Monday, 25 January 2021

University Challenge 2020-21: Preliminary Quarter-Final 3: Strathclyde vs Durham

Greetings friends, and welcome back to University Challenge. This was evidently the first one back after a recording break, as Paxo had his smart haircut from the Xmas specials back! Tonight, a fixture I've blogged about twice before, both those matches ending up pretty one sided; on paper, this shouldn't have been, but paper isn't all that reliable when it comes to UC...

Strathclyde came through two close matches to get here, firstly beating fellow quarter-finalists Imperial 190-155 in the first round, and then Manchester 135-100 in a lower scoring second match. They were the same four as before: 
Cameron Welsh, from Glasgow, graduated in Applied Statistics
David Curran, from Glasgow, studying Civil Engineering
Captain: James Whittle, from Glasgow, studying Power Systems Engineering
Tom Starr-Marshall, from Colindale in London, studying Speech and Language Therapy
 
Durham comfortably won their first match against Leicester 180-125, before a strong second match against Edinburgh saw them just win out 165-145. They were also unchanged from those two prior matches: 
Harry Regan, from Sevenoaks, studying Liberal Arts
Tom Banbury, from Shipston-on-Stour in Warwickshire, studying History
Captain: Holly Parkinson, from Brighton, studying Physics
Thomas Wilkening, from Ramsgate, studying Biology
 
So off we set once again, and Mr Banbury opened the scoring for the night with 'Stonehenge', and the Wearsiders secured a full set of bonuses on French words used in English. Mr Wilkening took the second starter which was, appropriately for Burns Night, 'Macbeth' (ARGH! Hot potato, Oxford shores, Puck will make amends!); their luck on the bonuses changed though, as they missed all three, Ms Parkinson mishearing 'the Jarrow march' and 'the January march'. Another starter and dropped bonus set was followed by Mr Welsh taking Strathclyde off the mark, and they took two from their first set. The first picture round, on American cities with just one major sports team, went to Durham; one correct bonus gave them a lead of 65-20.
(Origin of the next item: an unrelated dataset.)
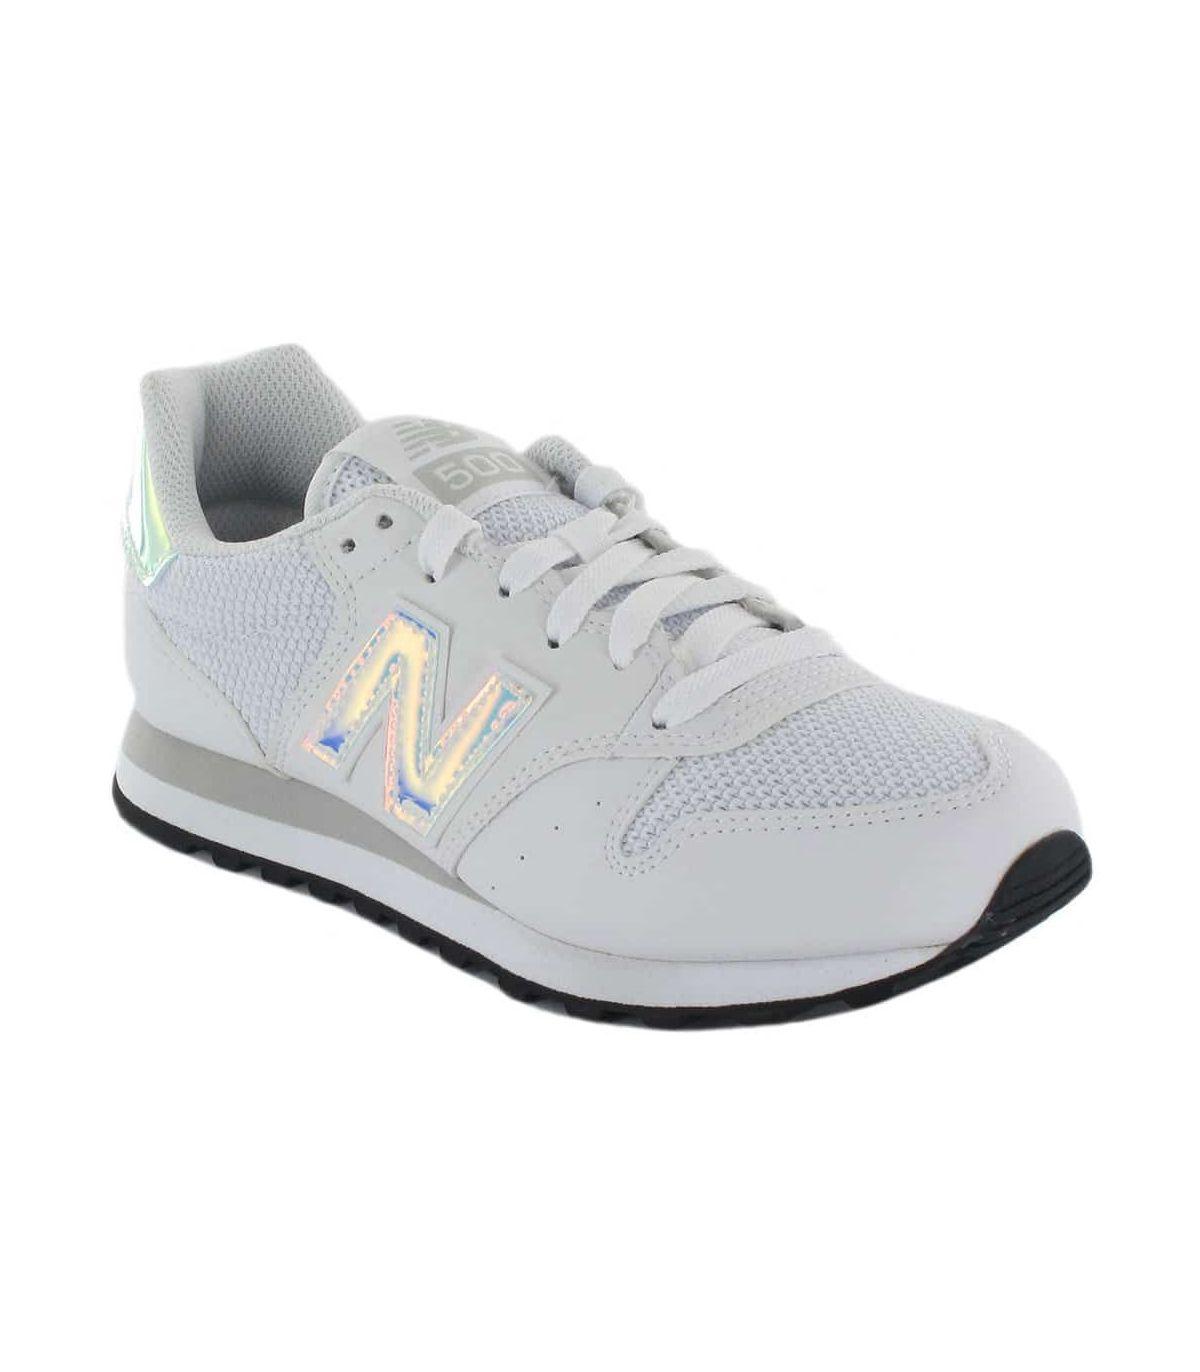 New Balance GW500HGX New Balance Shoes Women's Casual Lifestyle Sizes: 36, 37, 38, 39, 40, 41; Color: white
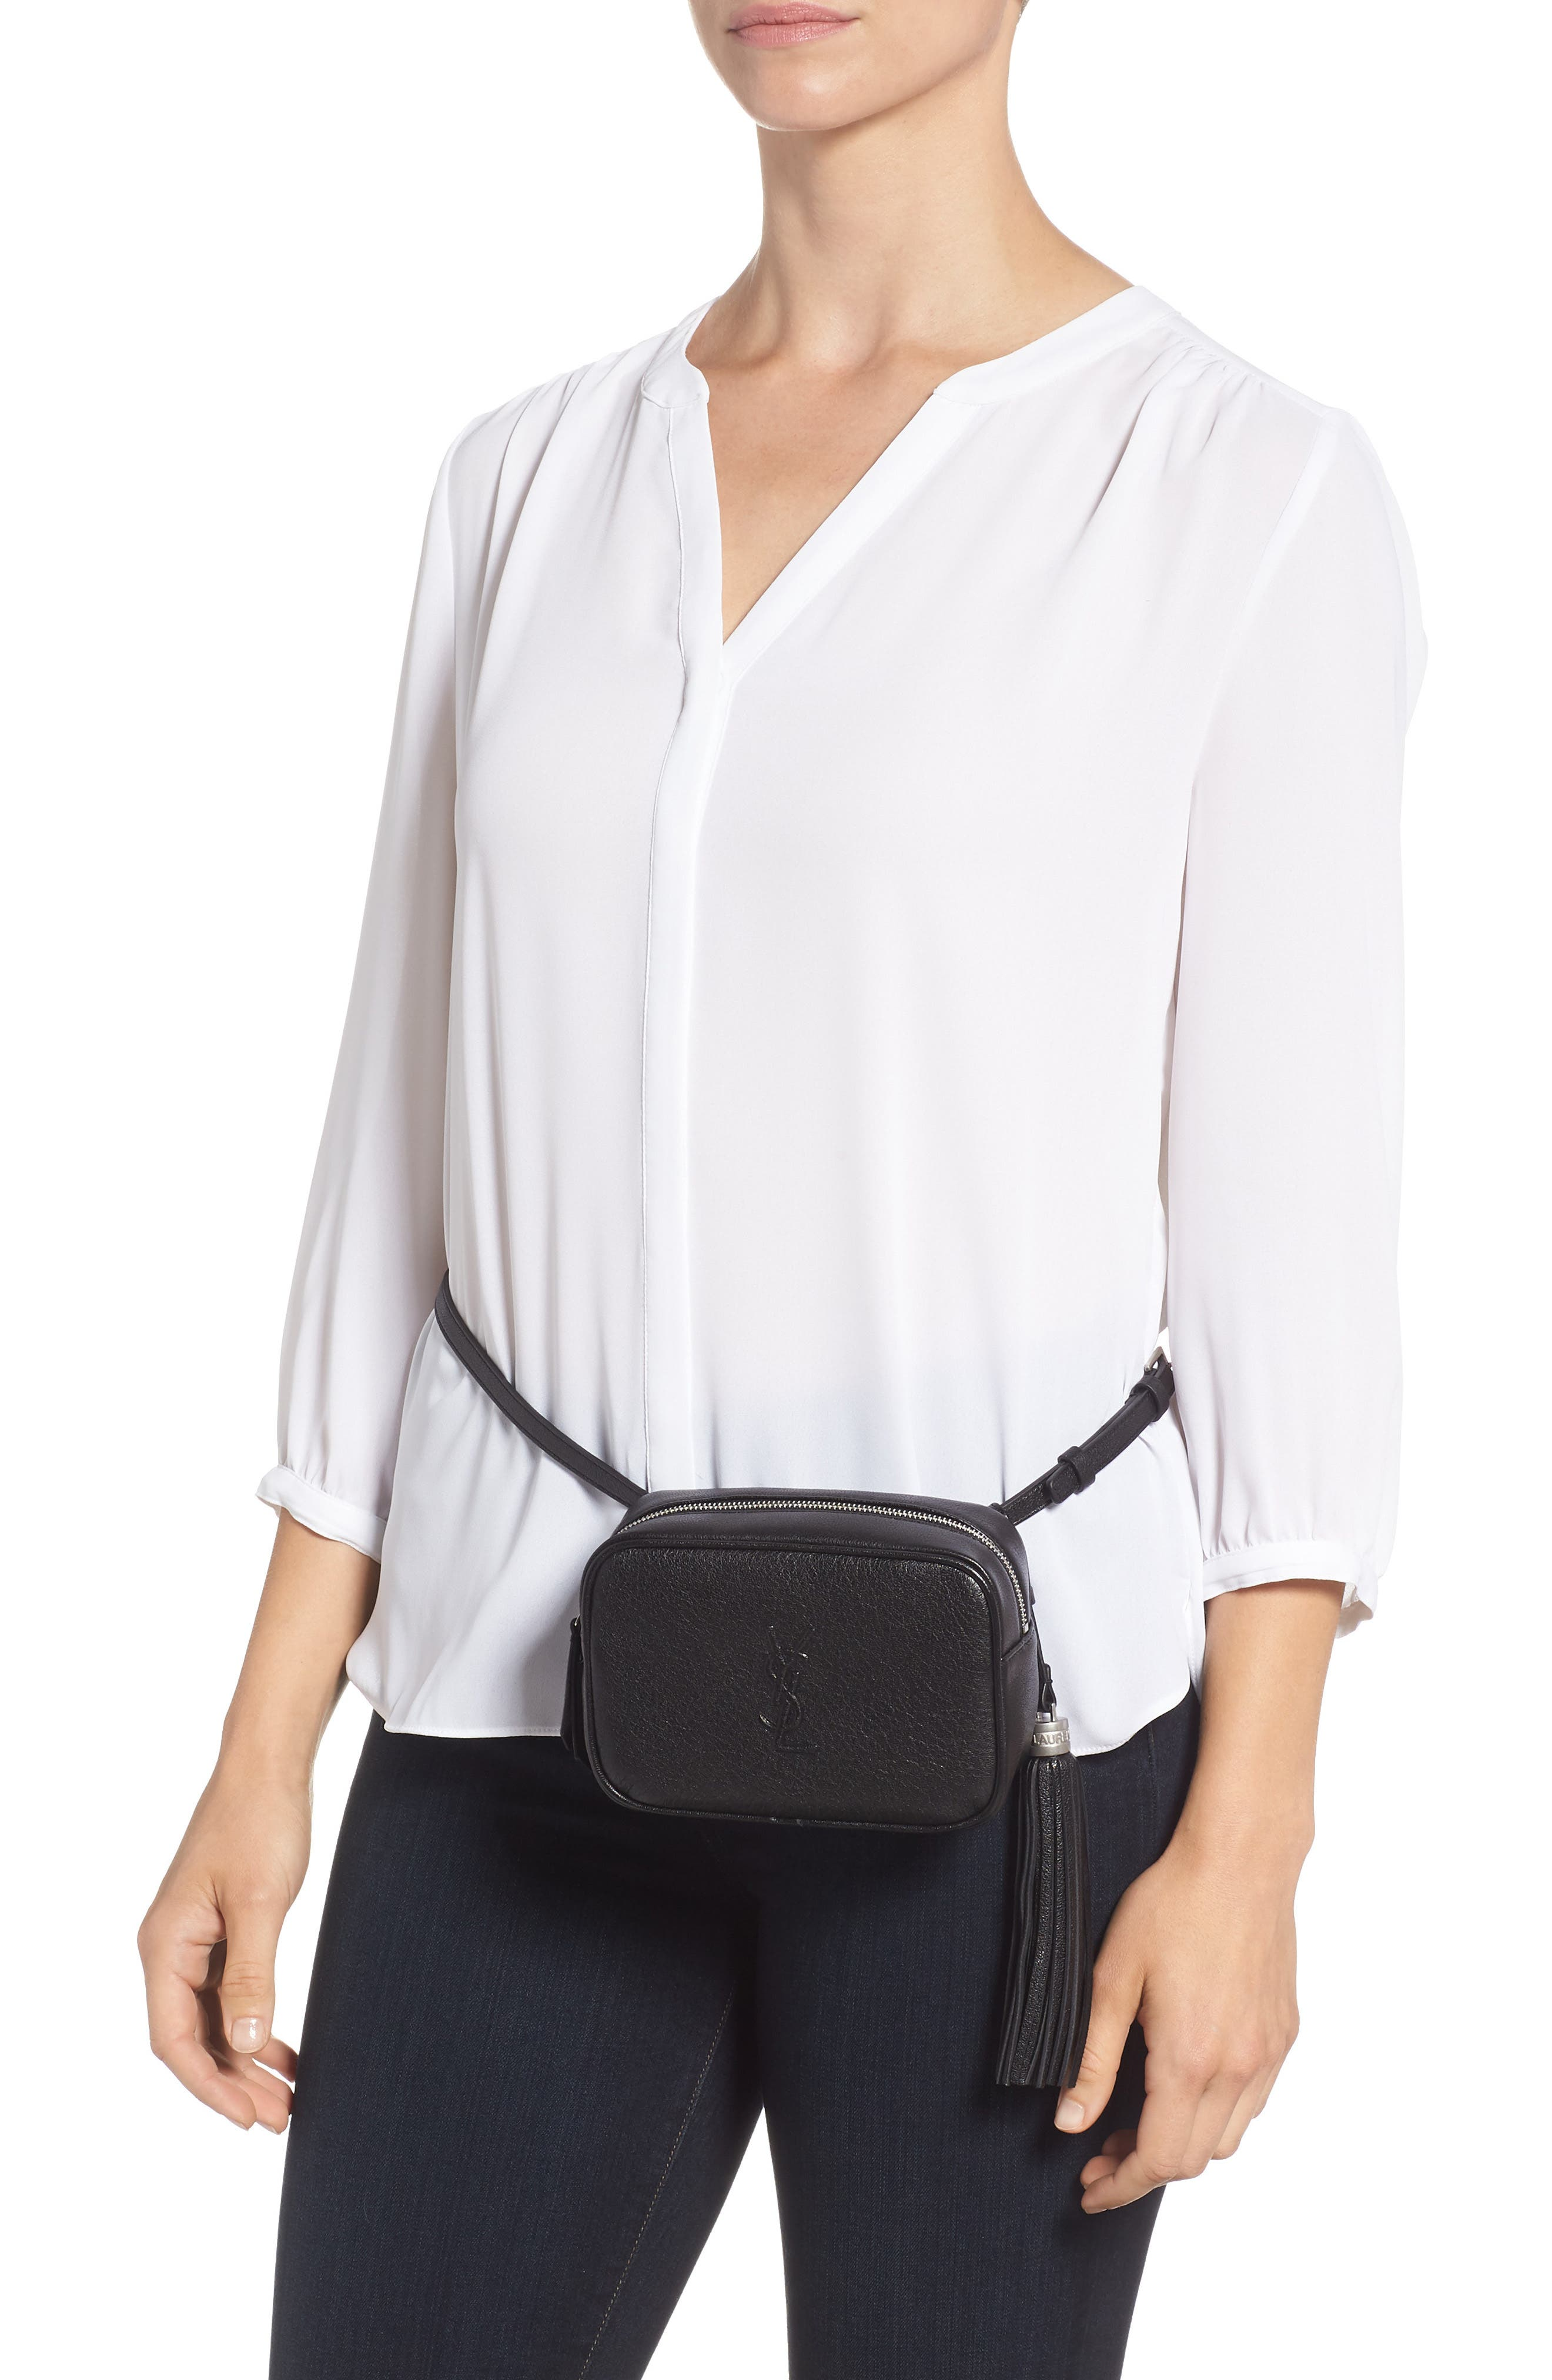 Loulou Tassel Leather Belt Bag,                             Alternate thumbnail 3, color,                             Noir

That lead shrunk when Mr Starr-Marshall correctly answered a starter I'll certainly be using in my next lockdown quiz for my relatives! The Scots side, again, took two bonuses, another on pairs of similar surnames. Back came Durham with a starter and sole bonus on corvine birds, before Ms Parkinson made sure all three Durhamites had contributed a correct starter; a full set of bonuses took them into three figures. Neither side identified Schumann for the music starter (I did, though it was an educated guess!); the bonuses, on pieces for piano and string quartet, gave Durham two correct answers and their lead to 125-40

Another starter and pair of bonuses took the Wearsiders' lead into three figures, but only briefly as Mr Whittle finally got his side moving again, though they got nothing from a bonus set on the city of Ripon. And when Mr Banbury restored Durham's three figure lead with the next starter, that was game over; just one bonus on novels with alliterative names followed, though they were unfortunate to dredge up Nicholas Nickleby a split second too late. The second picture round, on paintings depicting card games, went to Strathclyde; one bonus took the scores to 160-65.

Strathclyde pulled back to respectability in the final straight, Mr Starr-Marshall giving them a second starter in a row, and one bonus on organic chemistry followed. Mr Whittle gave them a third in a row, and one correct bonus put them within one starter of three figures. Another starter to the Strathclyde captain did just that, and two bonuses on Pluto were taken. And that was the gong, Durham won 155-115.

A good contest between two good and pleasant teams, good on both for clapping each other at the gong. Durham were worthy winners, but Strathclyde deserved to recover in the final minutes; well done both, and best of luck in your next matches!

The stats: Mr Banbury was the best buzzer of the night with four starters, while Mr Whittle was best for Strathclyde with three. On the bonuses, Strathclyde managed 9 out of 21 and Durham 14 out of 27 (with the night's one penalty).

Next week's match: Imperial vs Warwick, presumably

Only Connect continued with its penultimate play-off match, between the Barons and the Colleagues. The former led 4-3 after the first round and 8-7 after the second. A better wall allowed the Barons to open up an 18-14 lead, and they maintained it in Missing Vowels to win 25-20.
 
Mastermind, meanwhile, was won by Alison Lyndon-Parker, who just pipped second place Sam Stalkartt-Yarwood by a single point. Ti Maja-Roebuck, who was on OC last series, and Stephen Fuller, who I believe has been on other shows before, also took part.